И вдруг Заварухин услышал отдаленный звук, напоминавший широкий протяжный вздох. «Поют», — удивился он и не поверил сам себе, насторожился, встал с чемодана, с томительным беспокойством стал ждать, когда повторится этот поразивший его своей неожиданностью песенный вздох множества людей, и уж радовался за солдат, что они знают о своей непереживаемо трудной участи и поют. Заварухин всегда с болью провожал в бой молчаливых.

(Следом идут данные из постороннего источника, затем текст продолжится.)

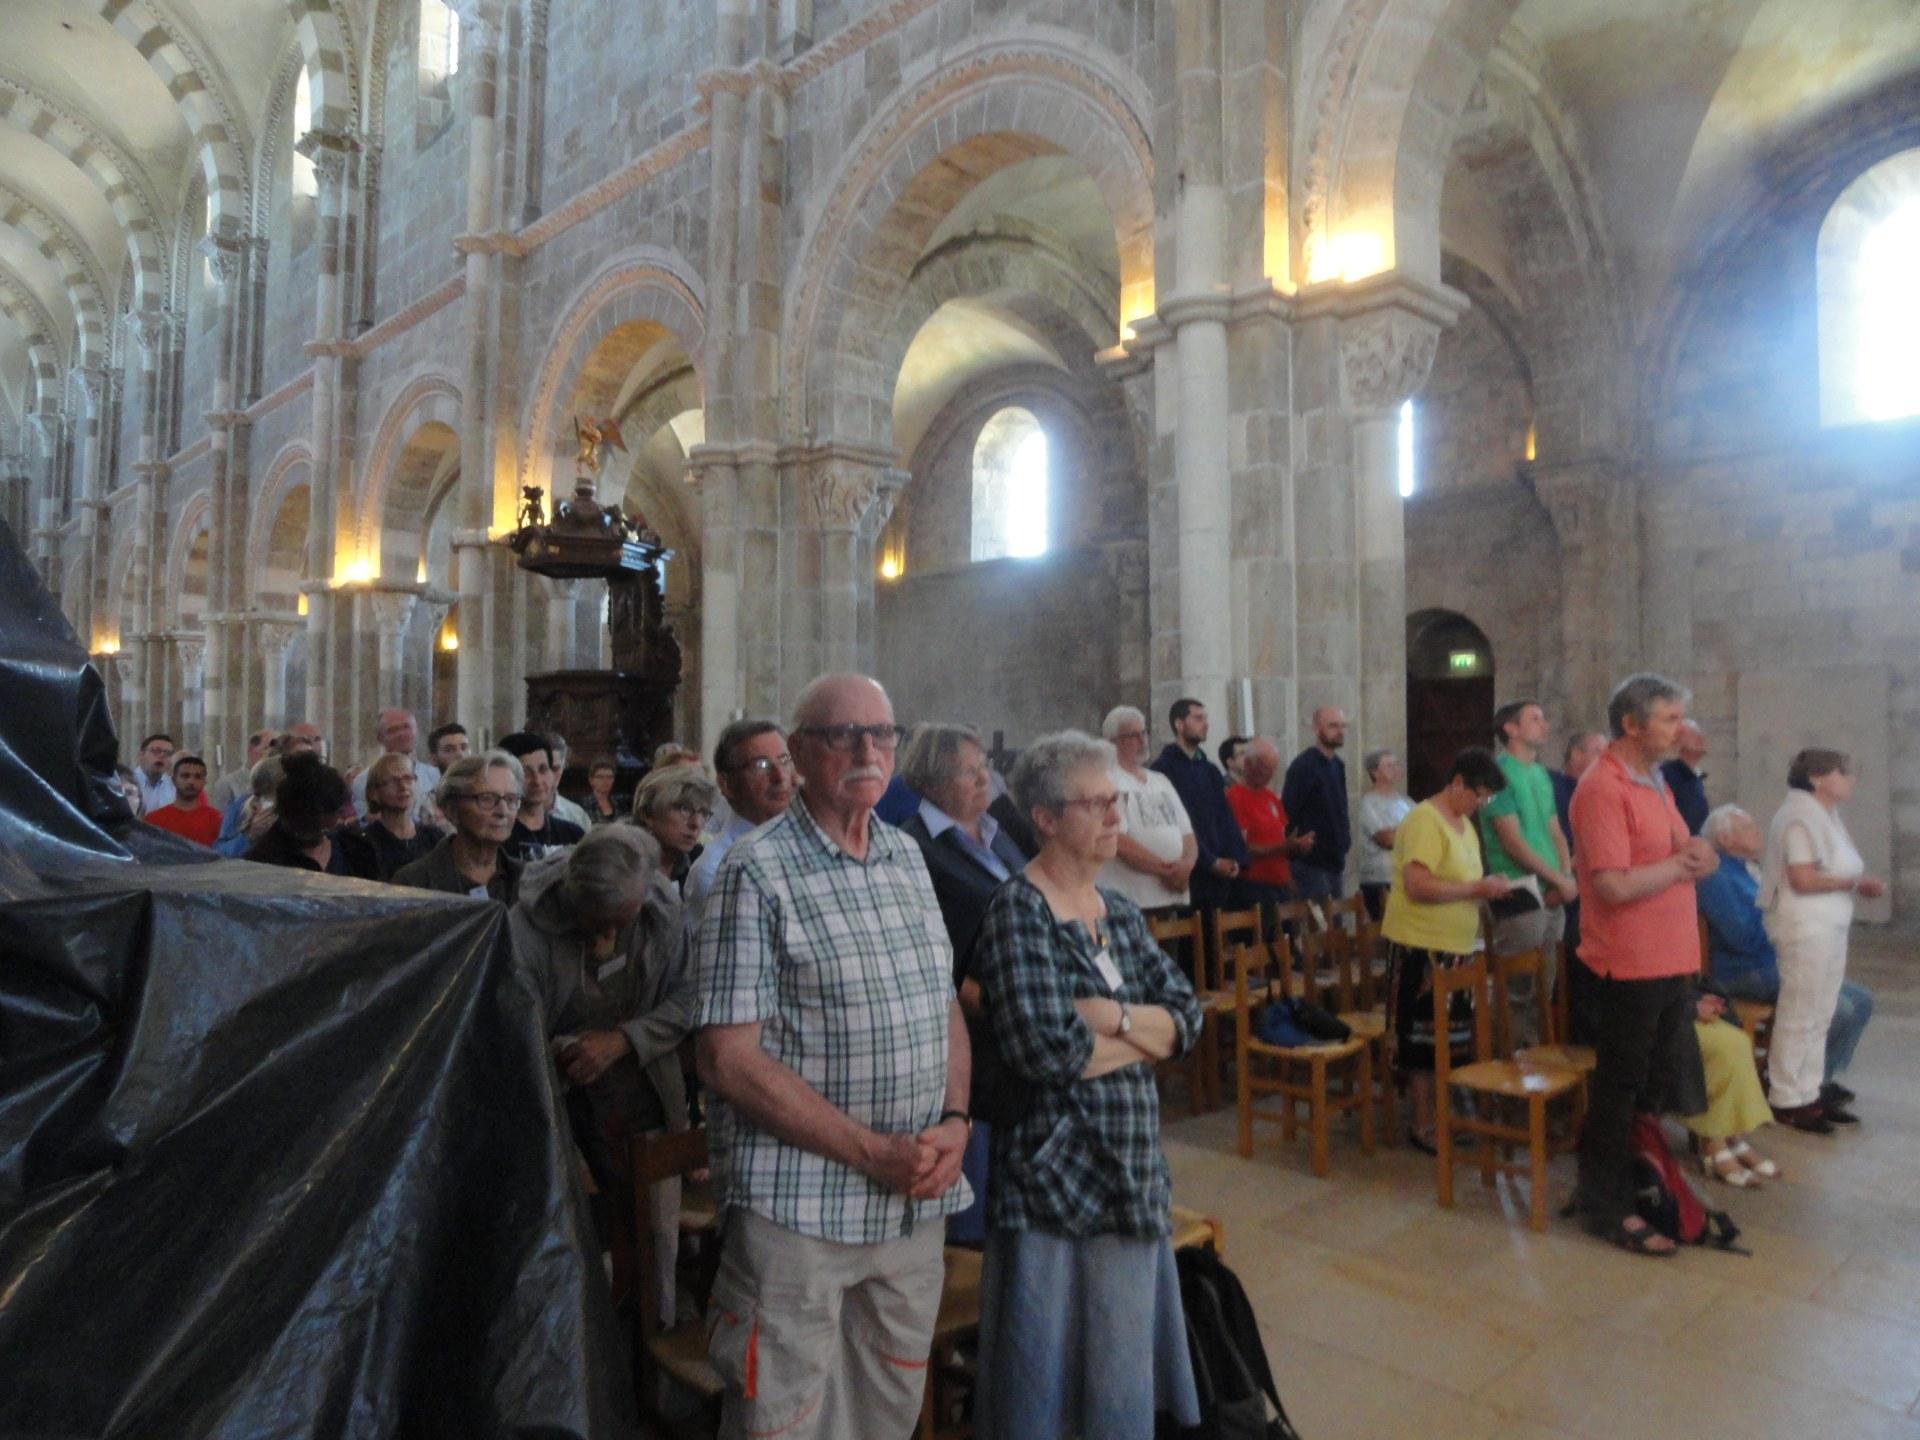 2017-06-16 - Pe#lerinage en Bourgogne - 047

Да, пела подходившая колонна, и в ней, как и в других колоннах, солдаты шли вразброд, не в ногу, во всю ширину дороги, и свободный шаг помогал им вести нестроевую песню. Она была взята с тем размахом, но которому верно угадывалось, что каждый солдат пел с дружной охотой, с какой–то даже гордой ответственностью перед добровольным и душевным делом, потому–то простенькая песня о сосне на Муромской дороге звучала так торжественно и величаво. Когда три или четыре гортанных голоса начинали запев, они будто предупреждали о чем–то или спрашивали о чем не надо было говорить, но сотни людей единодушно подхватывали его, и в песне звенела всеми понятая неизбежность, решимость и неодолимая сила.
«Да, славная доля у тебя, Россия, — немного выспренно под влиянием песни рассудил Заварухин. — Славная».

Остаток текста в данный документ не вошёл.